- Born: June 6, 1841 Dover, Delaware
- Died: August 2, 1880 (aged 39) Williamsburg, Virginia
- Buried: Old Drawyers Presbyterian Churchyard, Odessa, Delaware
- Allegiance: United States Union
- Branch: United States Army Union Army
- Service years: 1861–1865
- Rank: Colonel Brevet Brigadier General
- Commands: 3rd Brigade—2nd Division—II Corps 1st Delaware Infantry Regiment 39th New York Infantry Regiment
- Conflicts: American Civil War Battle of Antietam; Battle of Fredericksburg; Battle of Chancellorsville; Battle of Bristoe Station; Mine Run Campaign; Battle of the Wilderness; Battle of Spotsylvania Courthouse; Battle of Cold Harbor; Siege of Petersburg; Appomattox Campaign;
- Other work: Internal Revenue Service assessor

= Daniel Woodall =

Daniel Woodall (June 6, 1841 – August 2, 1880) was an American Union army officer during the period of the American Civil War. He served in the 1st Delaware Infantry Regiment, and fought in the Eastern Theater.
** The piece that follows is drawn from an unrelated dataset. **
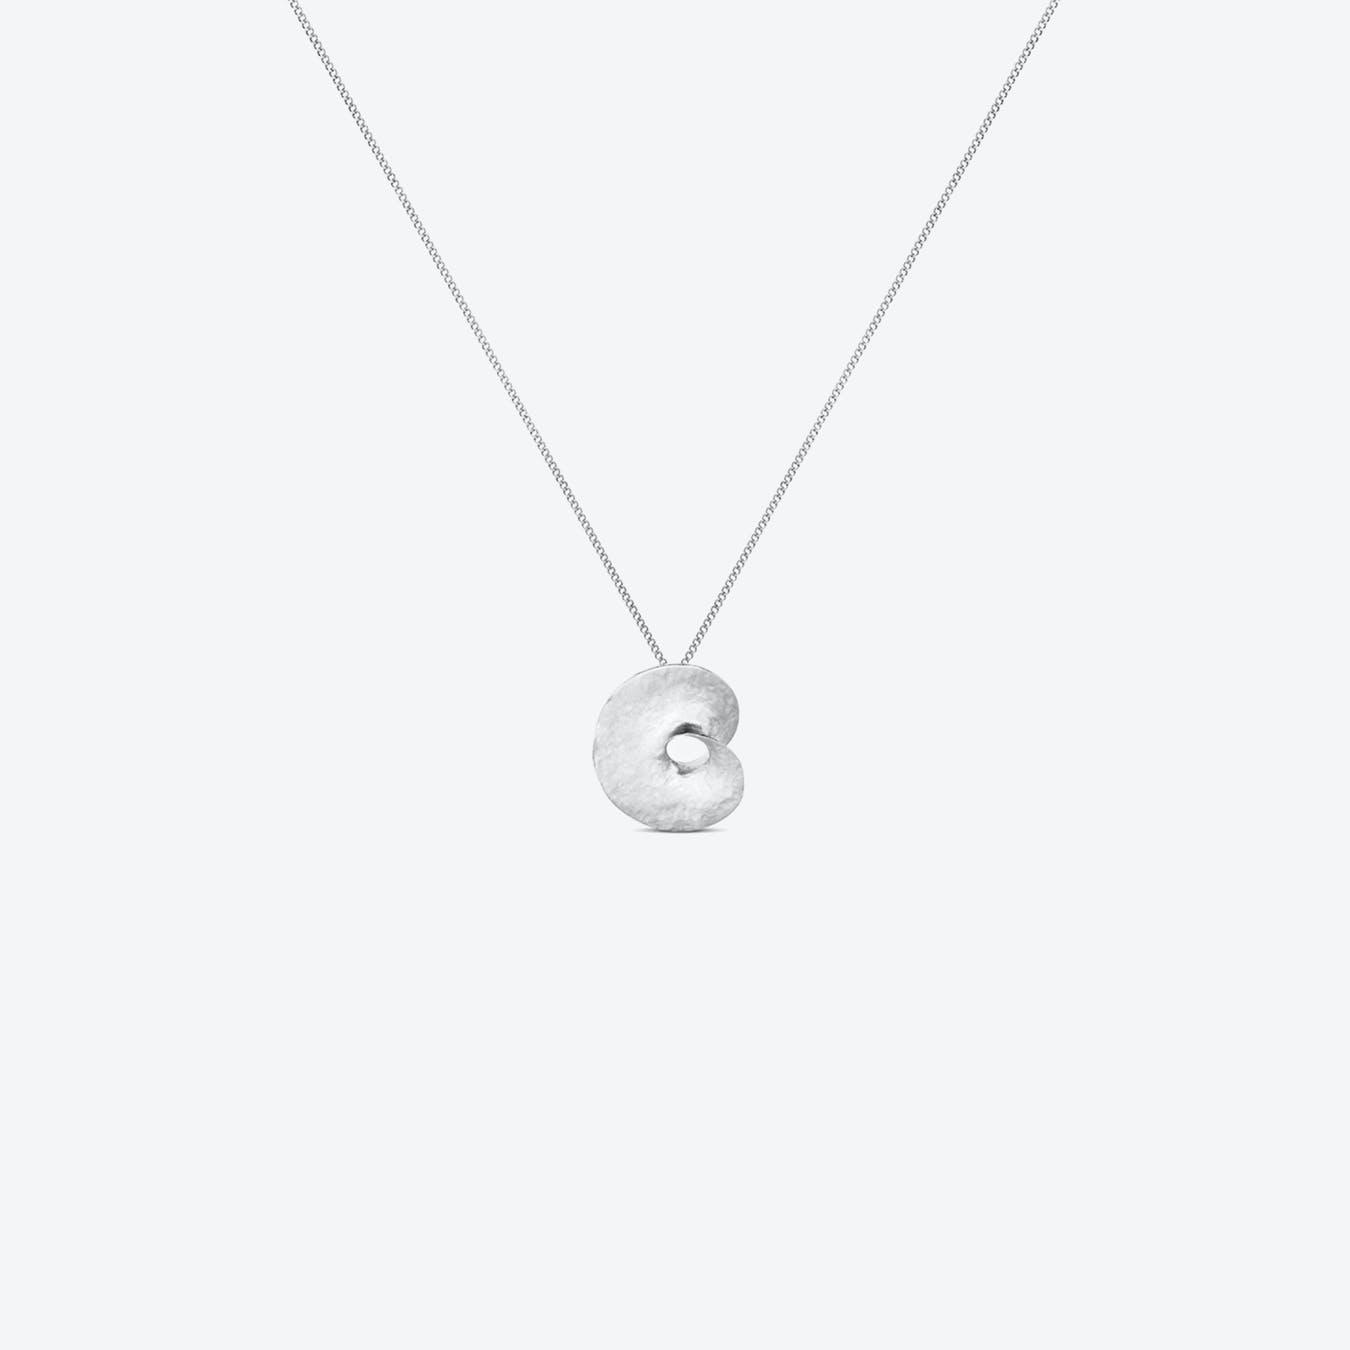 Silver Infinite Love Necklace

Daniel Woodall was born on June 6, 1841, in Dover, Delaware. Woodall worked as a civil engineer when the American Civil War erupted. Volunteering for the 1st Delaware Infantry Regiment, a volunteer unit mustered for 3 months of service in early 1861, he was commissioned a second lieutenant of Company H. When the regiment's enlistment term ended in August it was rebuilt in Wilmington for a service time of 3 years. As the regimental officers were to be appointed again Woodall was named Captain of Company F on September 28, 1861. The regiment was assigned to the II Corps of the Army of the Potomac; for service in the Eastern Theater. Leading his men into the Battle of Antietam on September 17, 1862, Woodall was shot in the arm. After the Battle of Fredericksburg Woodall was promoted to major on December 30, 1862.
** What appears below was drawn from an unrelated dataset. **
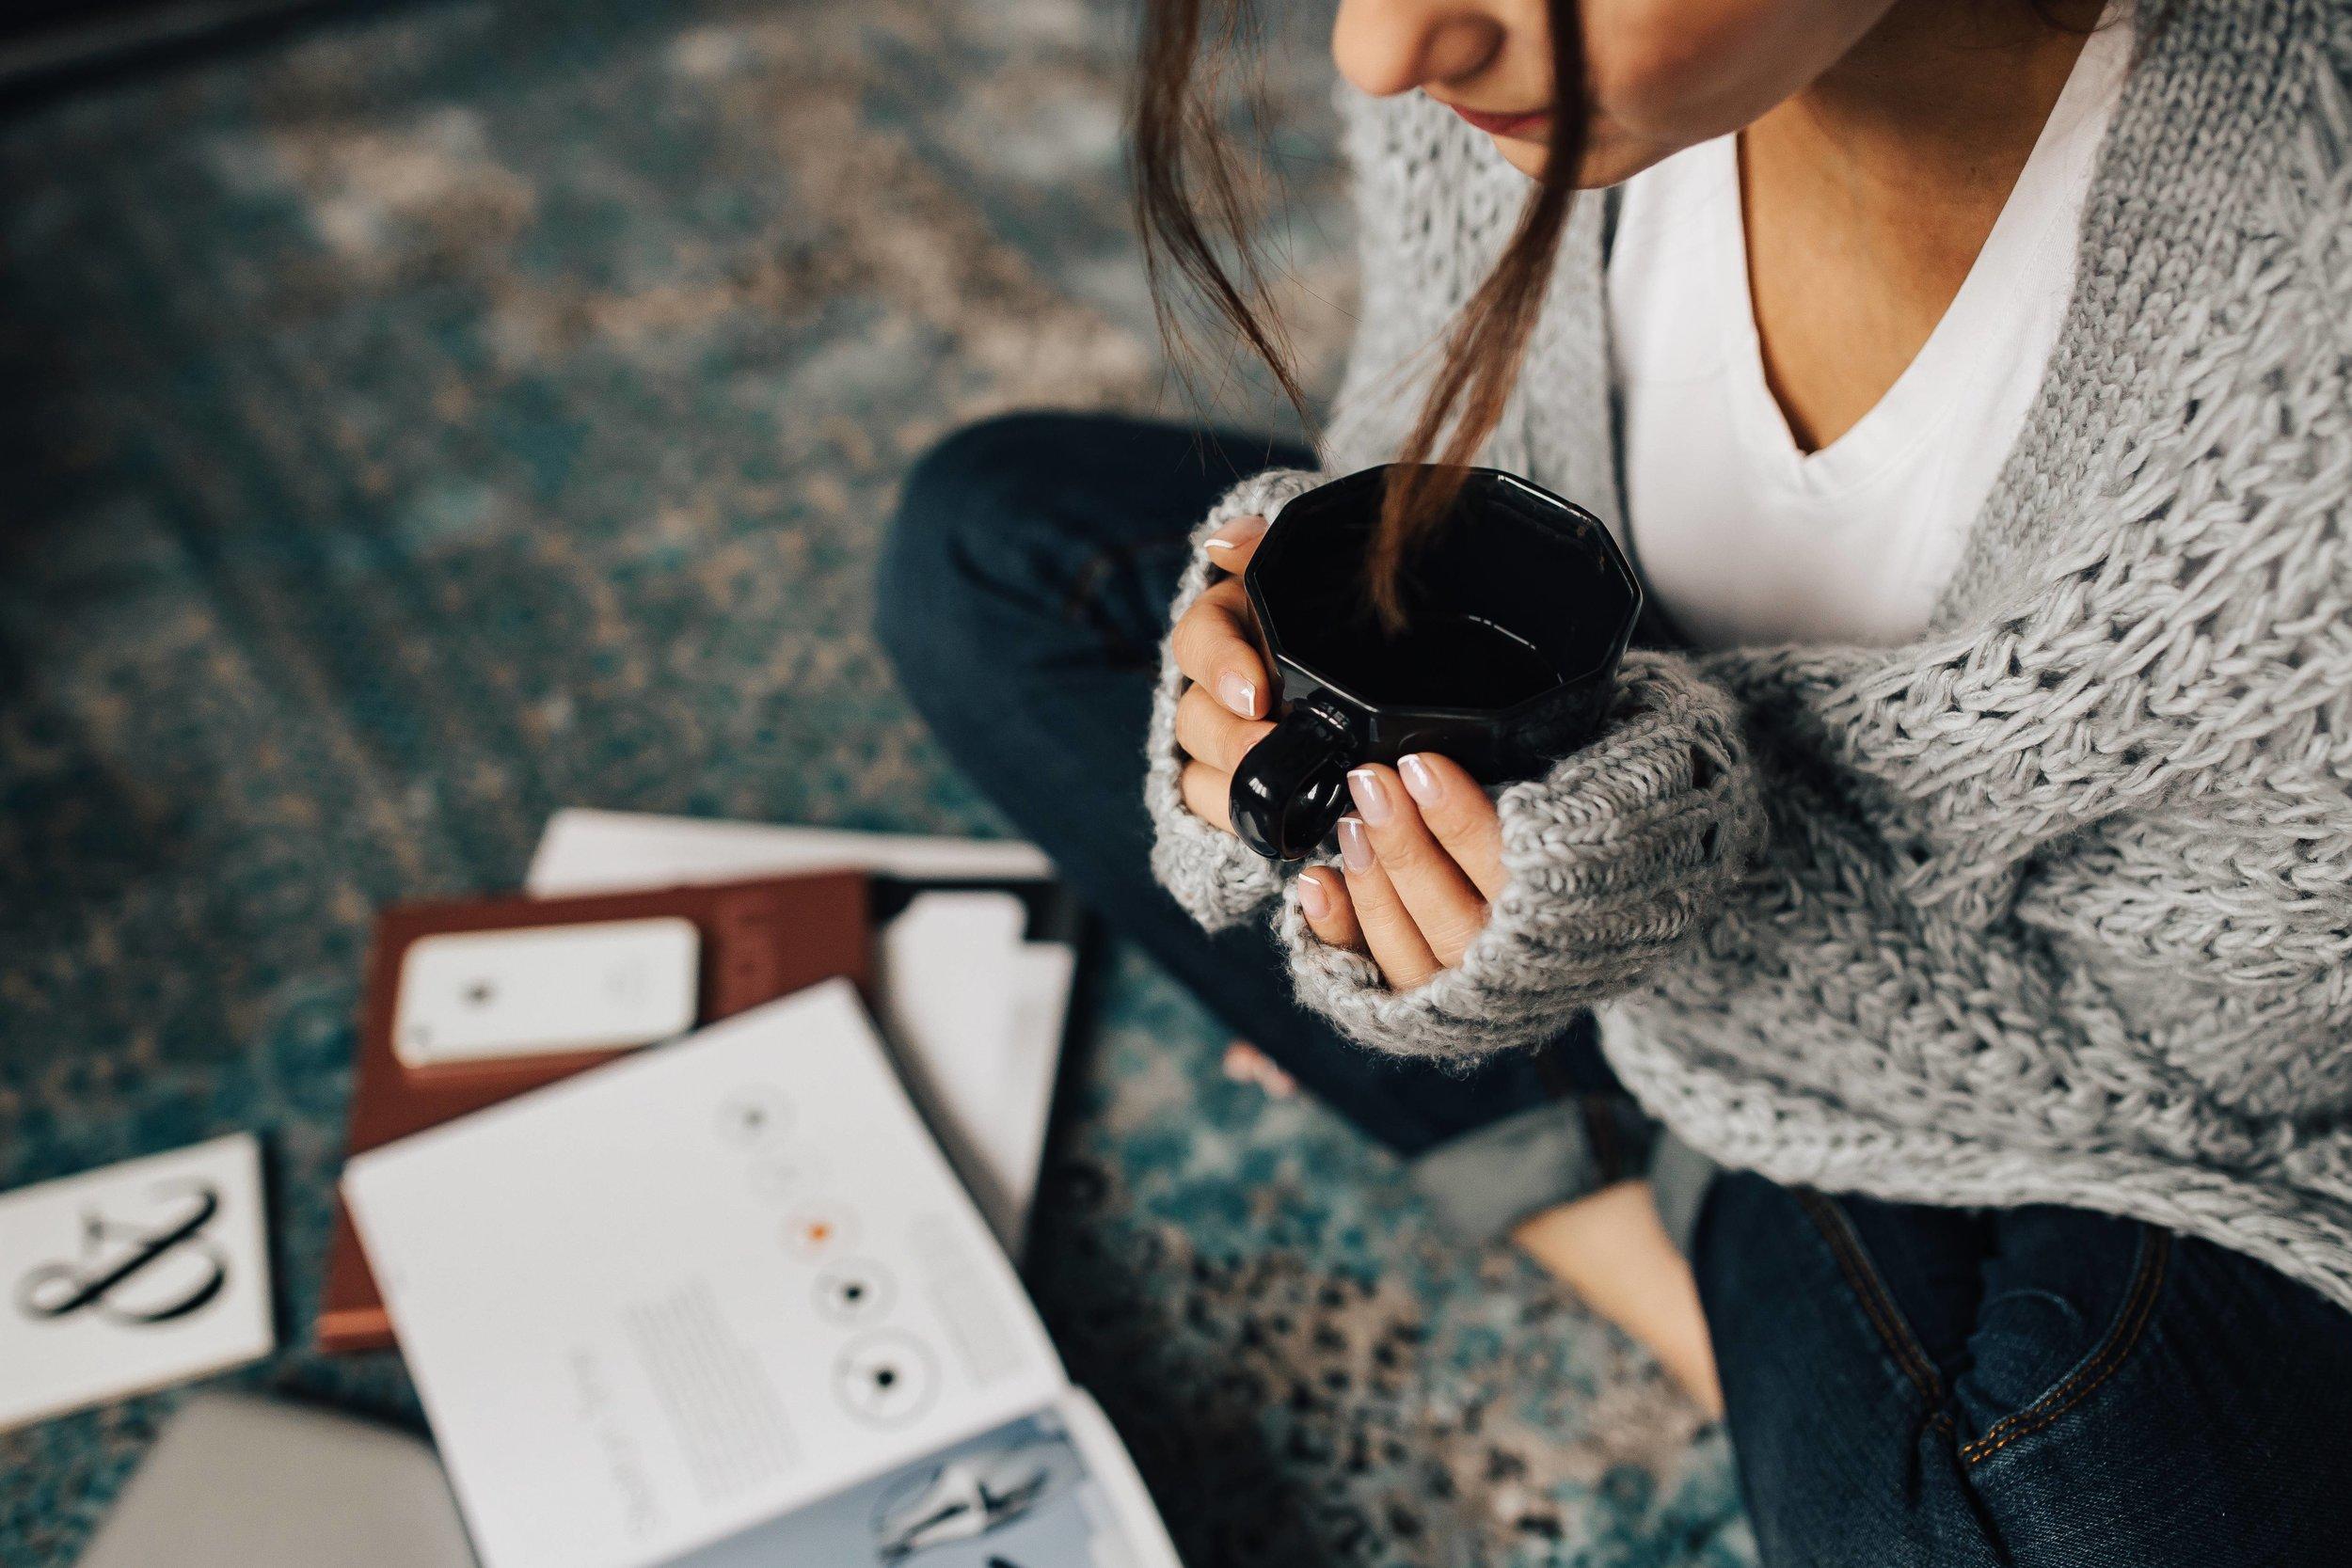 kaboompics_Woman reading magazines on the floor while enjoying hercup of tea.jpg

In the Battle of Chancellorsville on May 3, 1863, Woodall was wounded again, this time by an artillery shell hitting his left leg calf. Being on convalescence leave until late July he missed the Battle of Gettysburg. On July 30, 1863 Woodall was detached from the regiment and temporarily took command of the 39th New York Infantry Regiment that was attached to the same brigade. At the Battle of Bristoe Station Major Woodall, serving with his Delawarians again, led half of the regiment as brigade skirmishers and was praised by his brigade (and regiment) commander, Colonel Thomas Alfred Smyth.
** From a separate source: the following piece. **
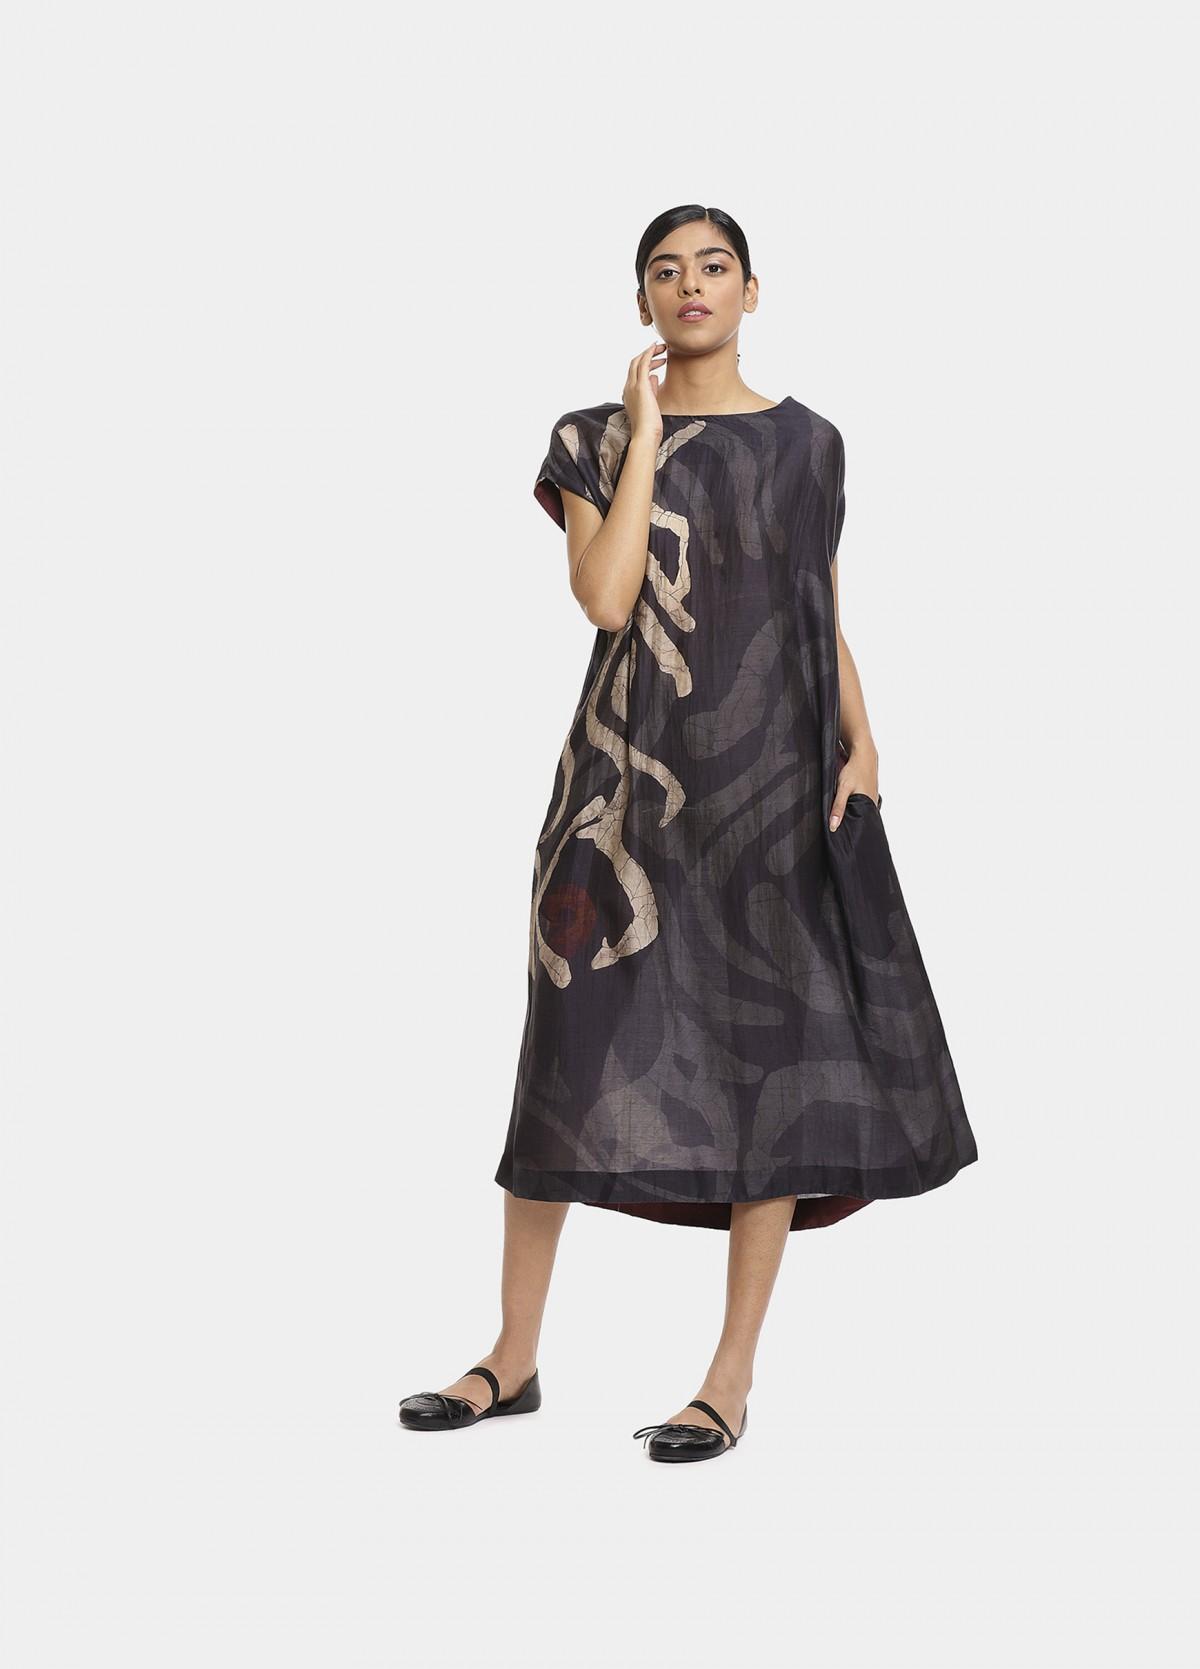 The Moody Marti Dress

Woodall was promoted to lieutenant colonel on November 5, 1863 and led the regiment into the Mine Run Campaign. On court martial duty in February 1864, he returned to fight in the Battle of the Wilderness and the Battle of Spotsylvania Courthouse. He was shot through the foot at Spotsylvania but returned to command his regiment during the Battle of Cold Harbor and the Siege of Petersburg.

When Smyth was promoted to brigadier general Woodall became colonel of the 1st Delaware, which he actually commanded for nearly a year already; and he was promoted on December 23, 1864. He was in brigade command during parts of the Appomattox Campaign. He was mustered out of the volunteers with his regiment on July 12. At this time Woodall was one of the only four original officers from 1861 still serving with the regiment.

On January 13, 1866, President Andrew Johnson nominated Wildrick for appointment to the grade of brevet brigadier general of volunteers for gallant and meritorious service in the War, to rank from June 15, 1865, and the United States Senate confirmed the appointment on March 12, 1866.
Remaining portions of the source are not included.